Re: [PATCH net v4] net: phy: Don't trigger state machine while in suspend
From: Andrew Lunn
Date: Wed Jun 29 2022 - 03:23:14 EST
On Tue, Jun 28, 2022 at 12:15:08PM +0200, Lukas Wunner wrote:
> Upon system sleep, mdio_bus_phy_suspend() stops the phy_state_machine(),
> but subsequent interrupts may retrigger it:
>
> They may have been left enabled to facilitate wakeup and are not
> quiesced until the ->suspend_noirq() phase. Unwanted interrupts may
> hence occur between mdio_bus_phy_suspend() and dpm_suspend_noirq(),
> as well as between dpm_resume_noirq() and mdio_bus_phy_resume().
>
> Retriggering the phy_state_machine() through an interrupt is not only
> undesirable for the reason given in mdio_bus_phy_suspend() (freezing it
> midway with phydev->lock held), but also because the PHY may be
> inaccessible after it's suspended: Accesses to USB-attached PHYs are
> blocked once usb_suspend_both() clears the can_submit flag and PHYs on
> PCI network cards may become inaccessible upon suspend as well.
>
> Amend phy_interrupt() to avoid triggering the state machine if the PHY
> is suspended. Signal wakeup instead if the attached net_device or its
> parent has been configured as a wakeup source. (Those conditions are
> identical to mdio_bus_phy_may_suspend().) Postpone handling of the
> interrupt until the PHY has resumed.
>
> Before stopping the phy_state_machine() in mdio_bus_phy_suspend(),
> wait for a concurrent phy_interrupt() to run to completion. That is
> necessary because phy_interrupt() may have checked the PHY's suspend
> status before the system sleep transition commenced and it may thus
> retrigger the state machine after it was stopped.
>
> Likewise, after re-enabling interrupt handling in mdio_bus_phy_resume(),
> wait for a concurrent phy_interrupt() to complete to ensure that
> interrupts which it postponed are properly rerun.
>
> The issue was exposed by commit 1ce8b37241ed ("usbnet: smsc95xx: Forward
> PHY interrupts to PHY driver to avoid polling"), but has existed since
> forever.
>
> Fixes: 541cd3ee00a4 ("phylib: Fix deadlock on resume")

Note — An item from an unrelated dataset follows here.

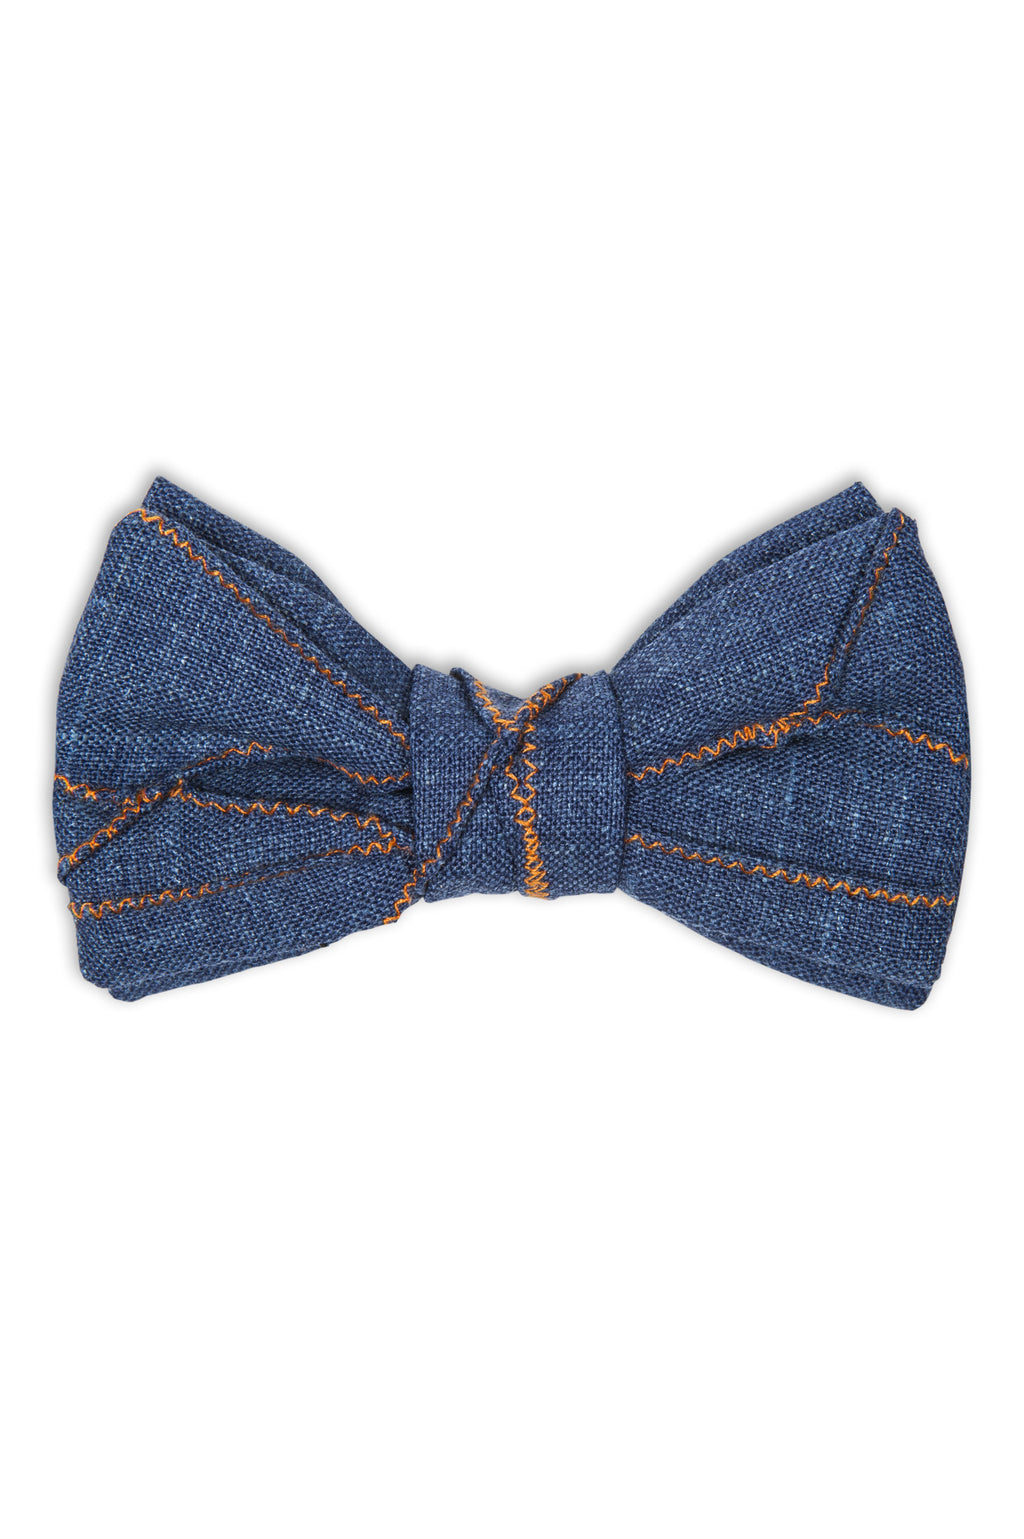 Handmade grey wool bow tie with apparent stitching - Noeud papillon en laine avec coutures inversées apparentes

> Link: https://lore.kernel.org/netdev/a5315a8a-32c2-962f-f696-de9a26d30091@xxxxxxxxxxx/
> Reported-by: Marek Szyprowski <m.szyprowski@xxxxxxxxxxx>
> Tested-by: Marek Szyprowski <m.szyprowski@xxxxxxxxxxx>
> Signed-off-by: Lukas Wunner <lukas@xxxxxxxxx>
> Acked-by: Rafael J. Wysocki <rafael.j.wysocki@xxxxxxxxx>
> Cc: stable@xxxxxxxxxxxxxxx # v2.6.33+
Reviewed-by: Andrew Lunn <andrew@xxxxxxx>
Andrew